Failure Symptom Detection Recovery
Certificate expired All gRPC connections fail with TLS handshake error Certificate monitoring alerts; connection error rate spikes to 100% Renew certificate; consider cert-manager with automatic renewal
ACL missing new service identity New service cannot call any RPCs; receives PermissionDenied Service deployment fails health checks; logs show PermissionDenied for the new service Add the service identity to the methodACL map and redeploy
MaxRecvMsgSize too small Legitimate large requests fail with ResourceExhausted Application logs show ResourceExhausted for specific RPCs; client error reports Increase limit per-method using grpc.MaxRecvMsgSize in the handler registration
No deadline set by client Server goroutines accumulate; memory grows; eventually OOM Goroutine count in metrics increases steadily; memory usage climbs without releasing Deploy the DeadlineInterceptor to enforce server-side maximums; fix clients to set deadlines
Keepalive too aggressive Clients on high-latency networks get disconnected Connection resets from clients in remote regions; increased reconnection rate Increase MinTime in KeepaliveEnforcementPolicy; adjust based on client network conditions

When to Consider a Managed Alternative

Transition point: When managing certificates, interceptors, and per-method ACLs across 20+ gRPC services becomes a full-time maintenance task, or when you need consistent security policy enforcement that cannot rely on every service team correctly implementing interceptors.

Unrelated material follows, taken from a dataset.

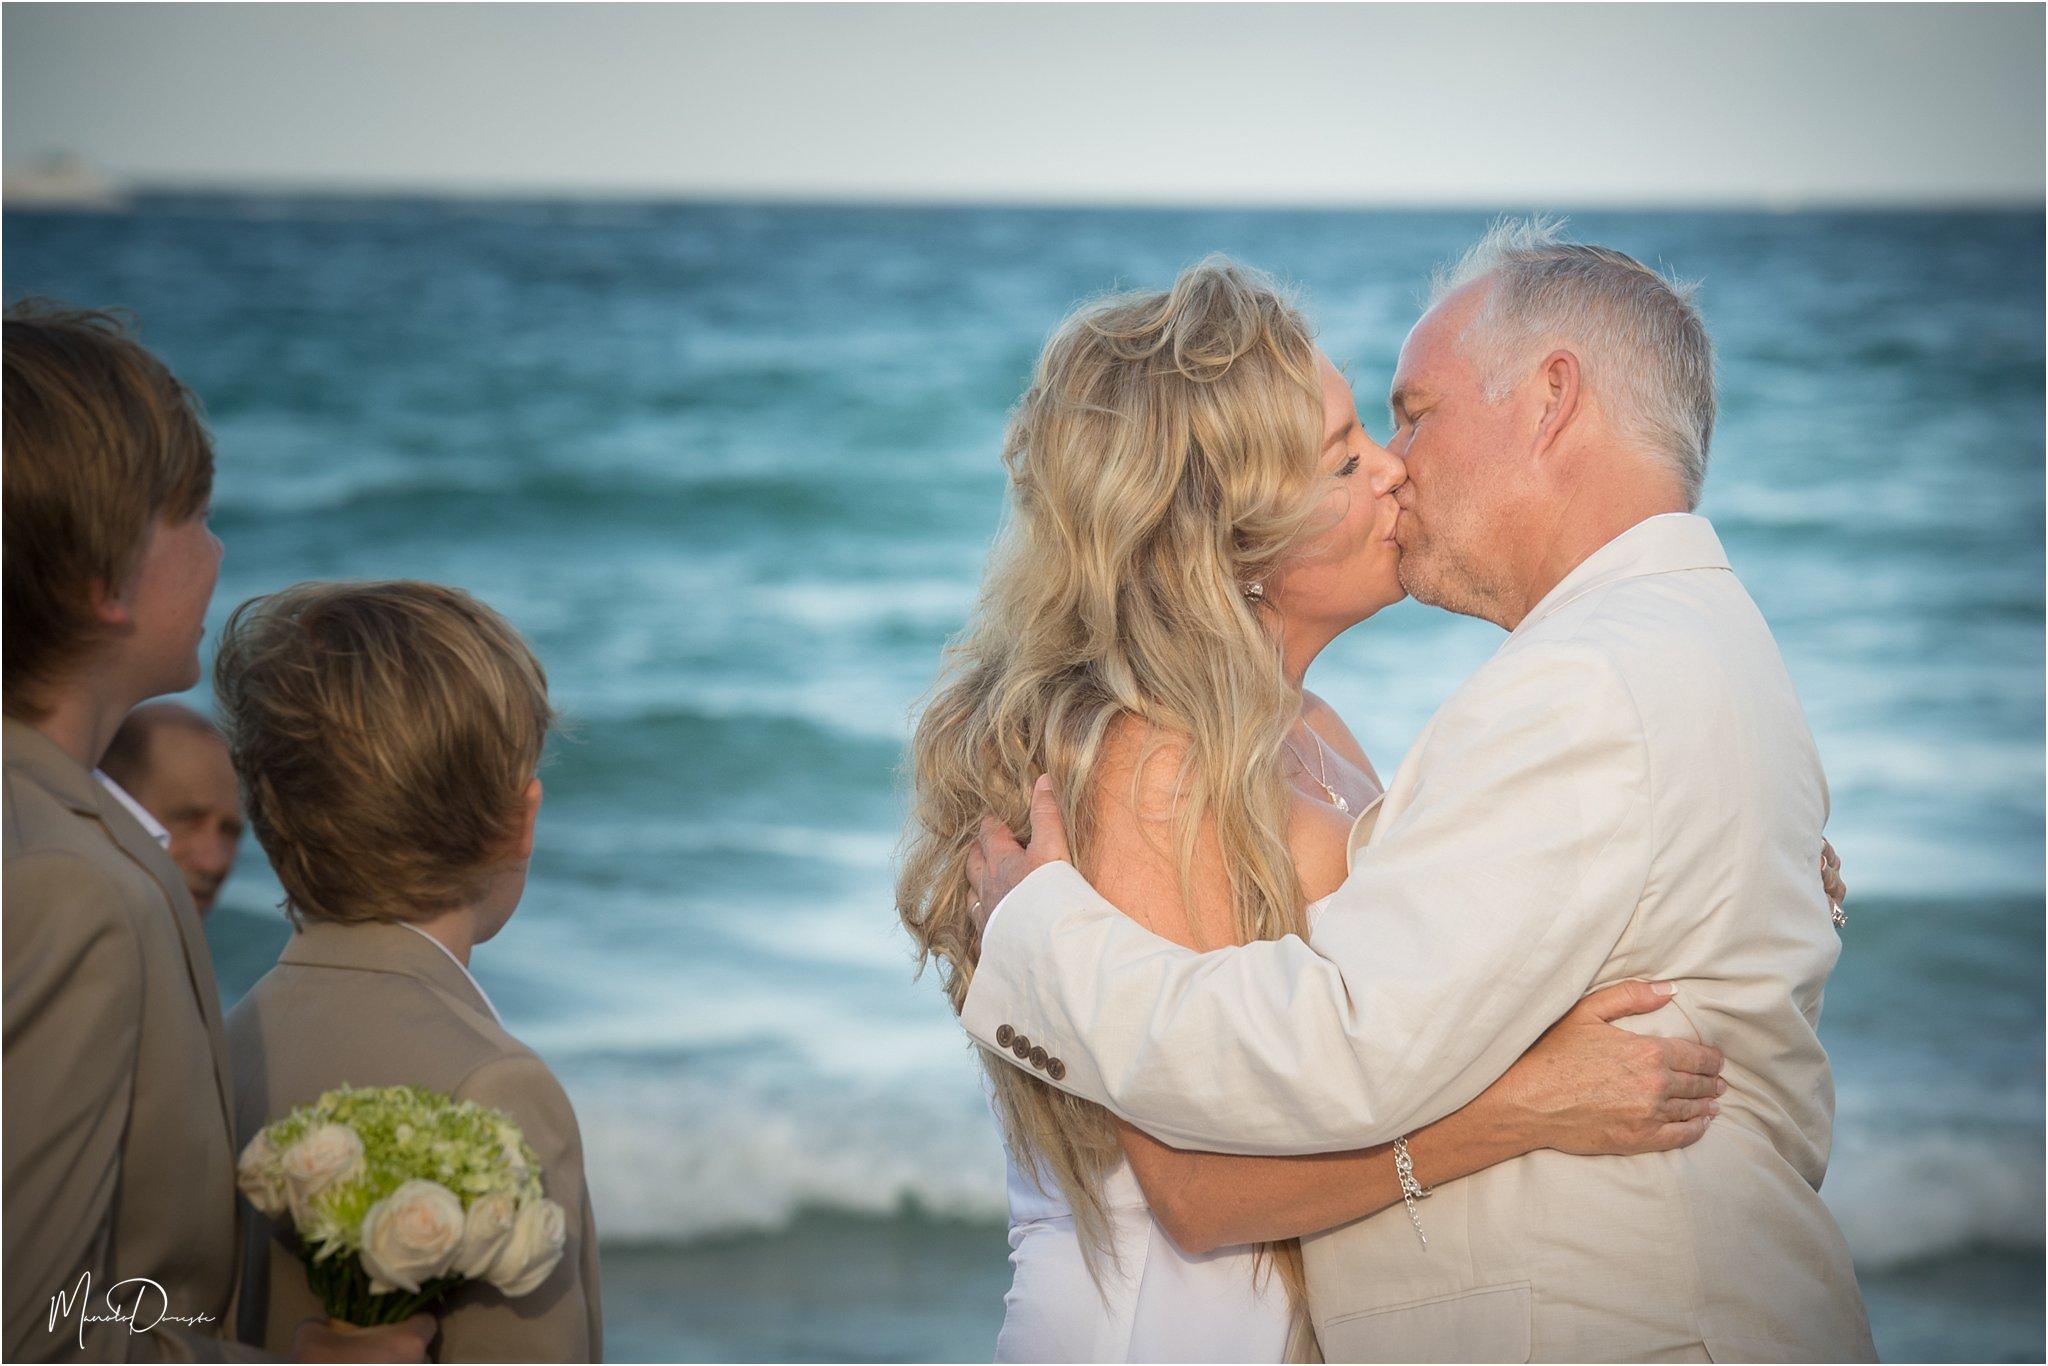 0394_ManoloDoreste_InFocusStudios_Wedding_Family_Photography_Miami_MiamiPhotographer.jpg

What managed alternatives handle:

  • Service mesh (Istio, Linkerd): Automatic mTLS between all services without application code changes. Sidecar proxies handle TLS termination, certificate rotation, and mutual authentication. Istio AuthorizationPolicy provides per-method access control declaratively, without modifying application interceptors.

  • Sysdig (#122): Runtime monitoring for gRPC traffic patterns, detecting anomalous RPC calls, unexpected callers, and unusual message sizes. Provides visibility into service-to-service communication that application-level logging may miss.

What you still control: Business logic authorization (which user can delete which resource), request validation (is this protobuf message semantically valid), and application-level rate limiting based on business rules remain in your application code regardless of mesh or monitoring provider.